§ PROBLEM TO SOLVE: Keep the images out while you retype all of the data exactly.

§ COLLECTED MATERIAL:
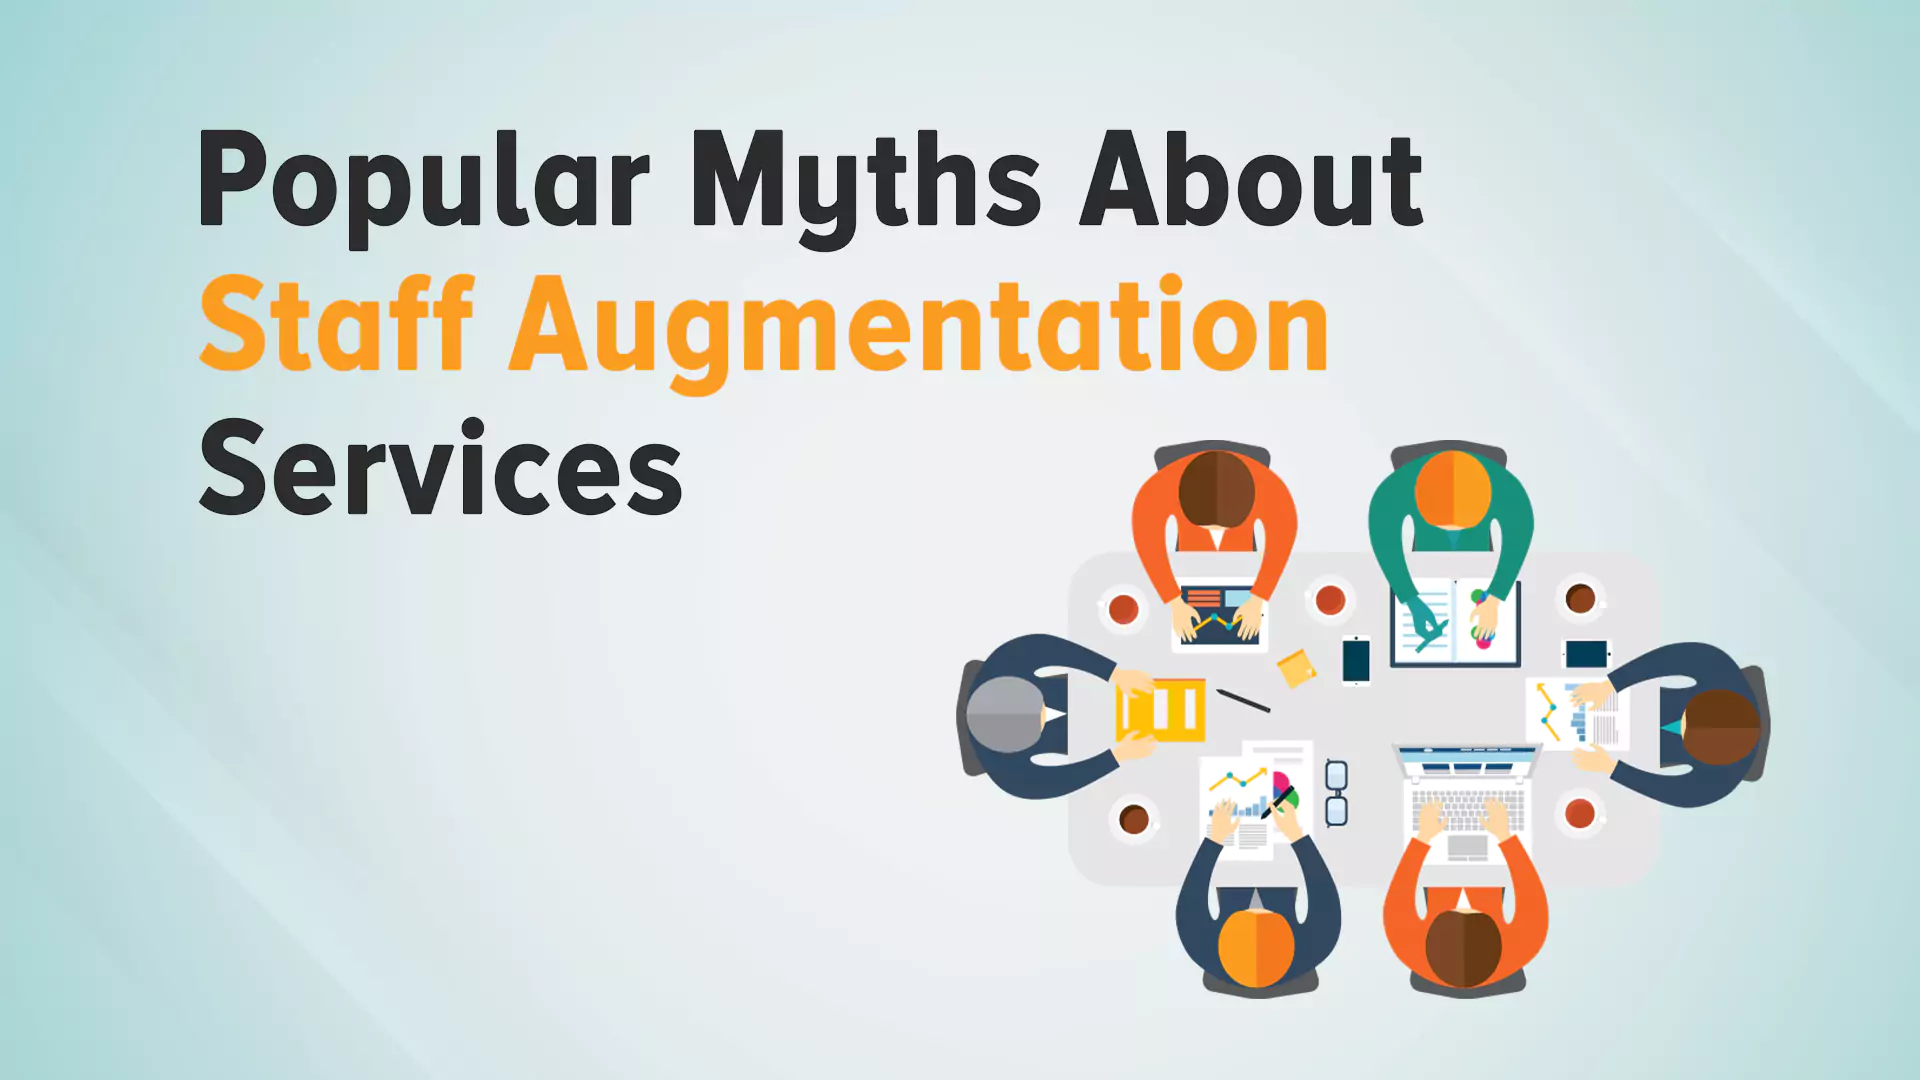 Popular Myths About Staff Augmentation Services
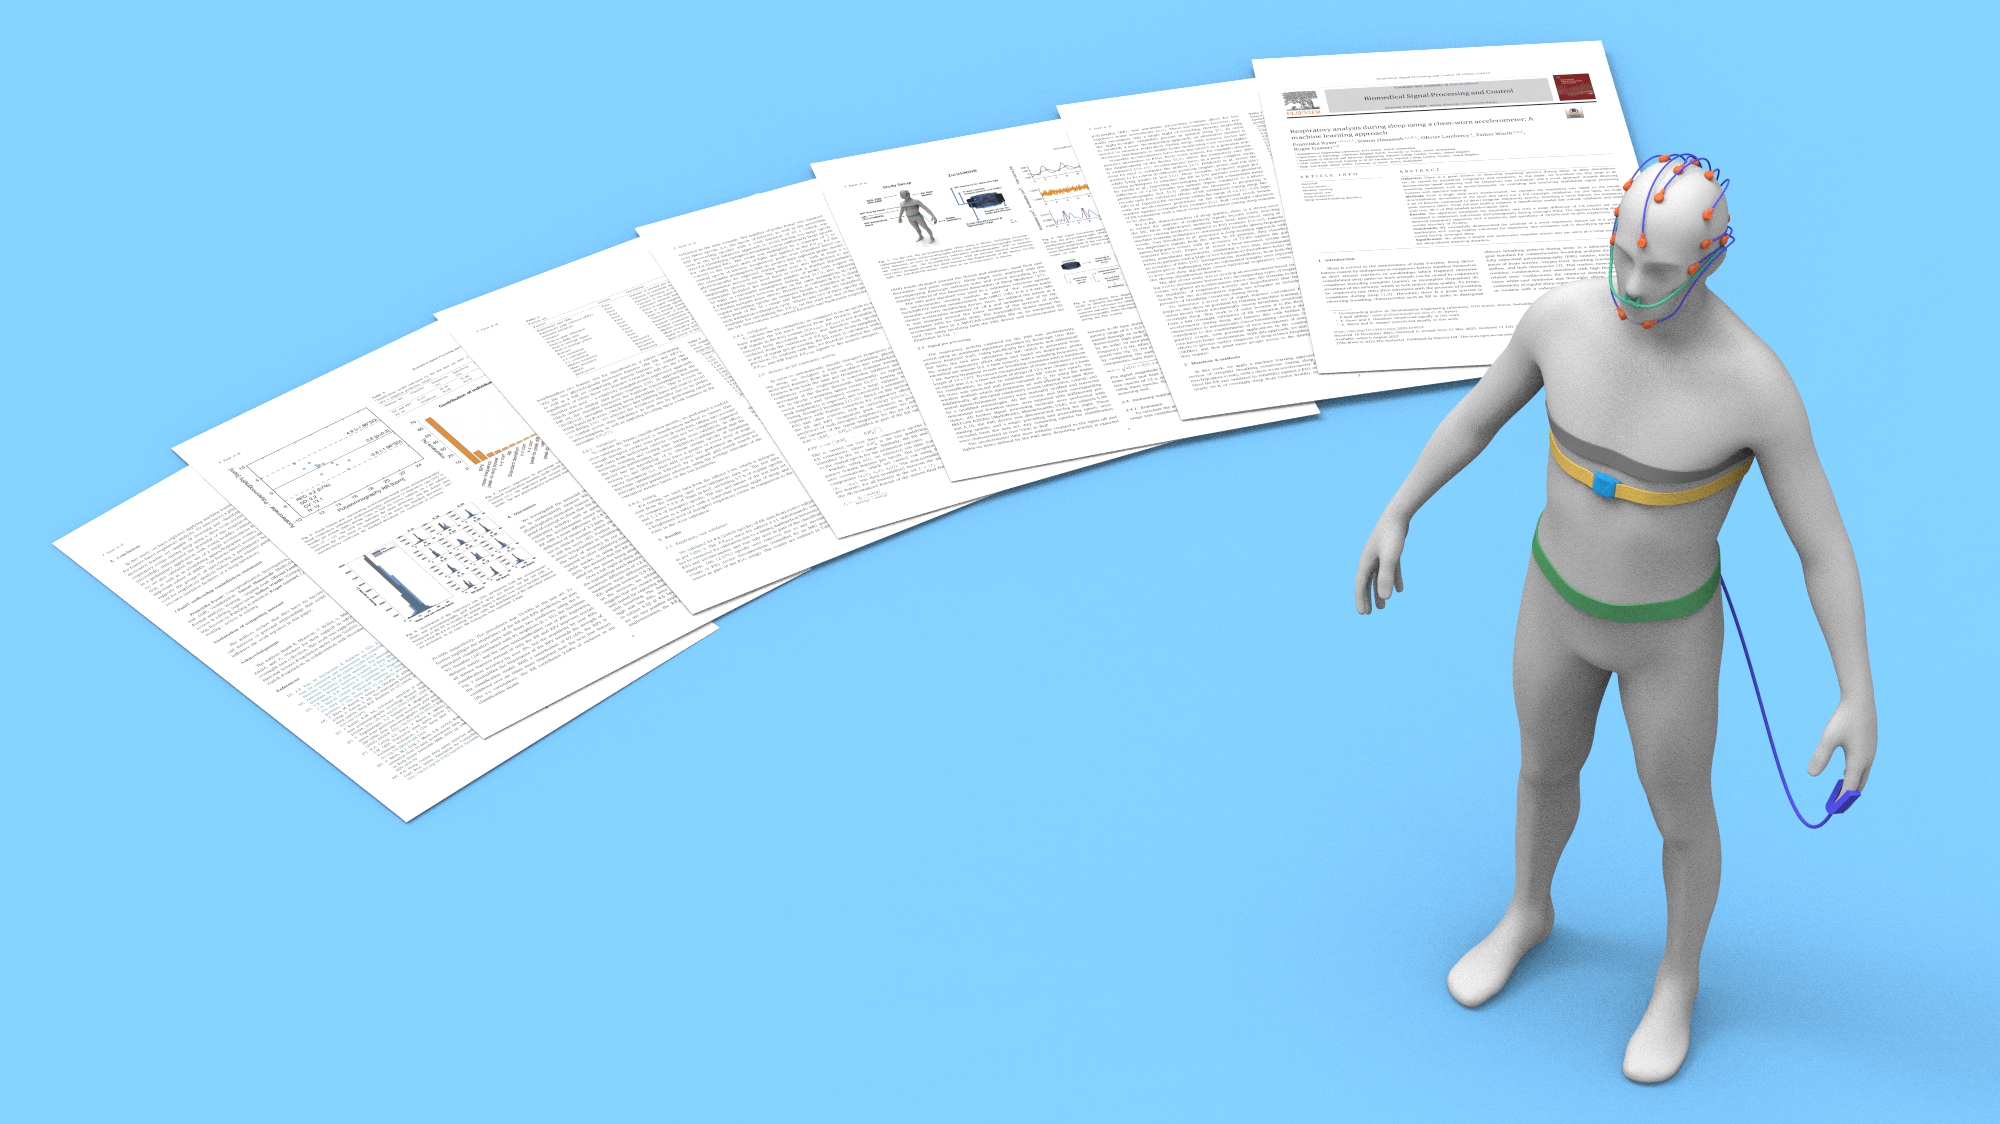 Enlarged view: Visualisation with 3D Manekin and Publication
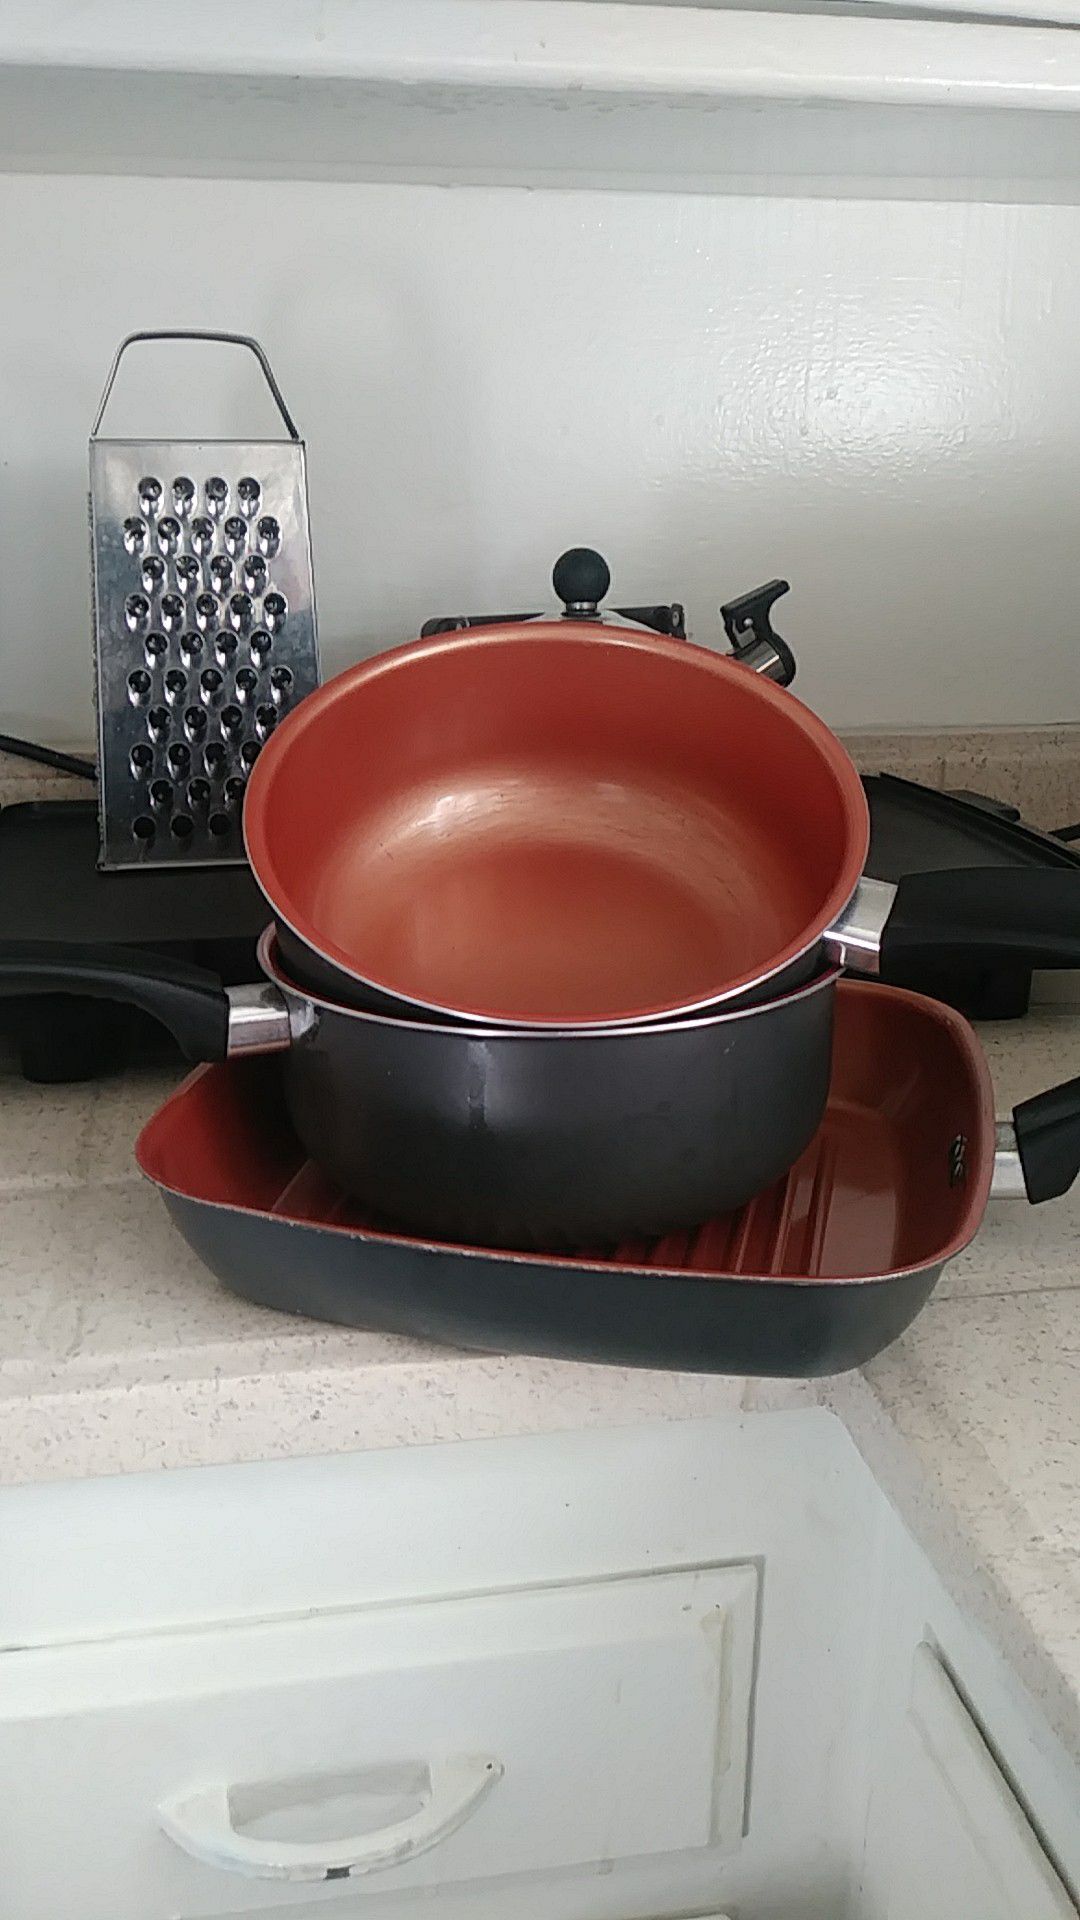 Stainless steel copper Finnish pot set with skillet
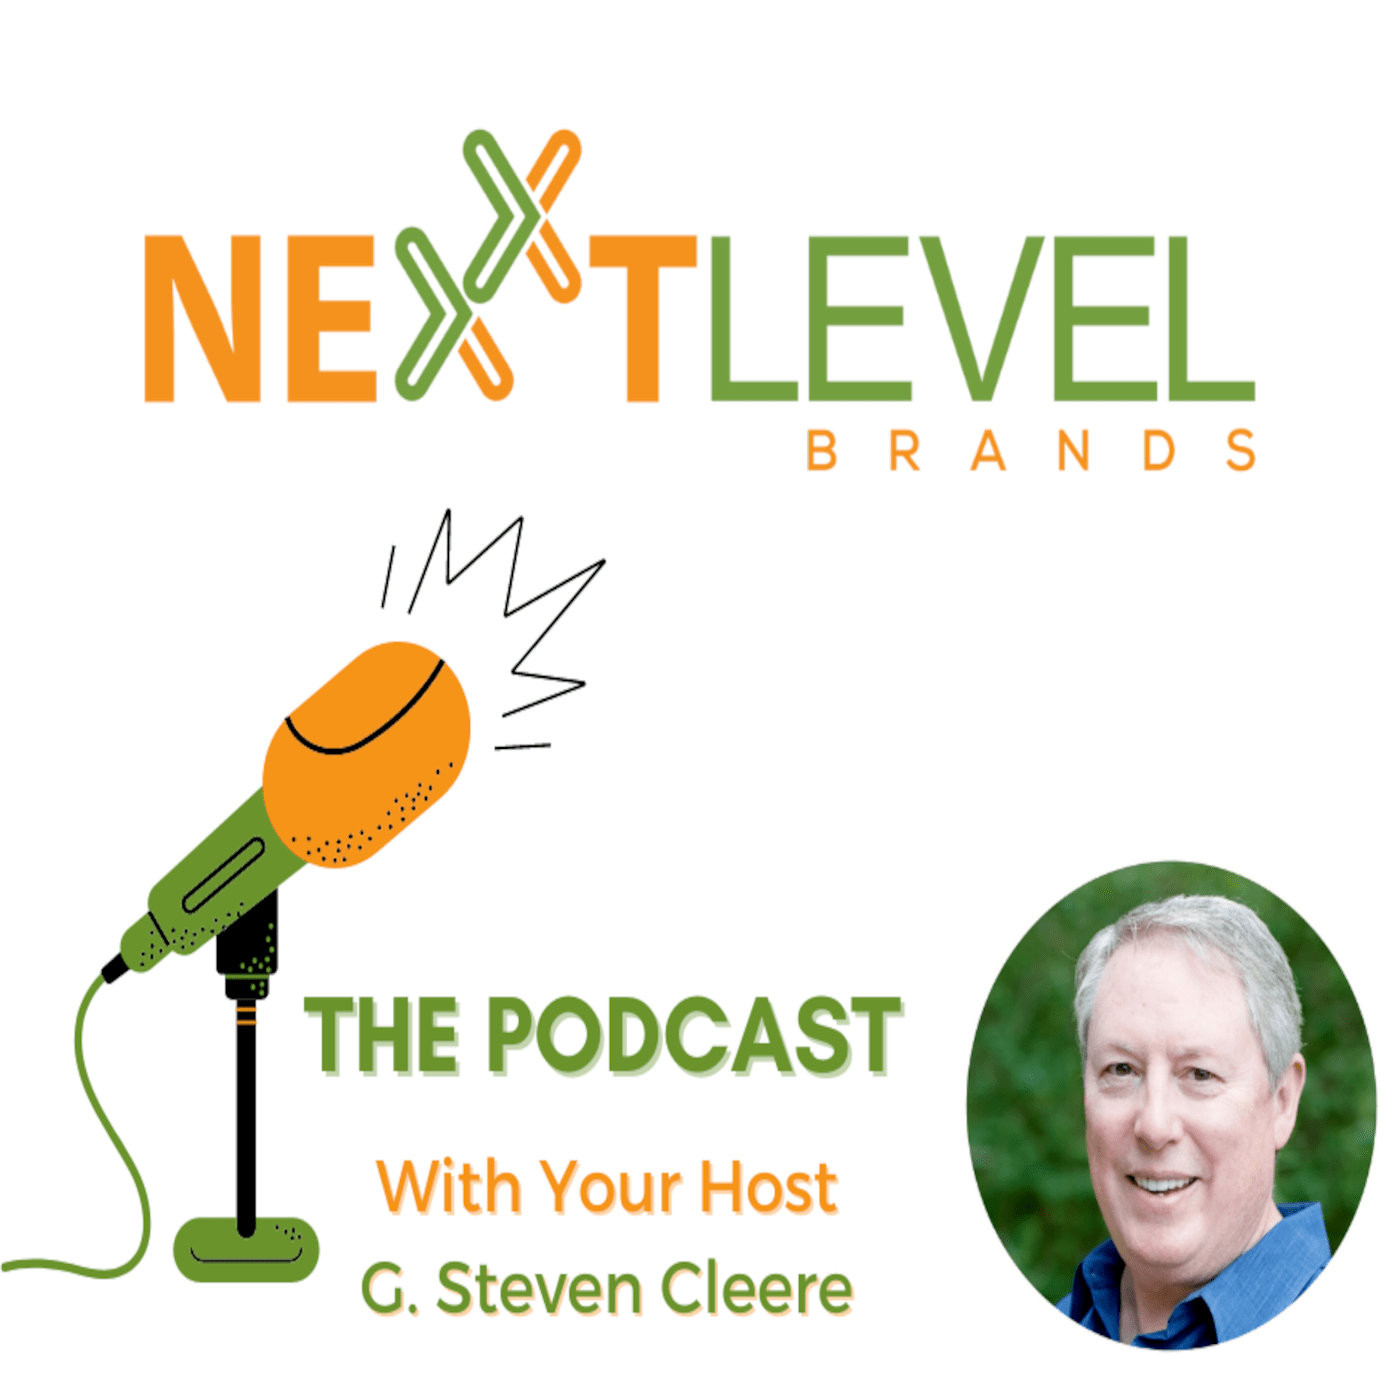 An (Un) Twisted Tale - The Pretzel Man on the NexxtLevel Brands Podcast!

§ PROBLEM SOLUTION:
 Popular Myths About Staff Augmentation Services
 Enlarged view: Visualisation with 3D Manekin and Publication
 Stainless steel copper Finnish pot set with skillet
 An (Un) Twisted Tale - The Pretzel Man on the NexxtLevel Brands Podcast!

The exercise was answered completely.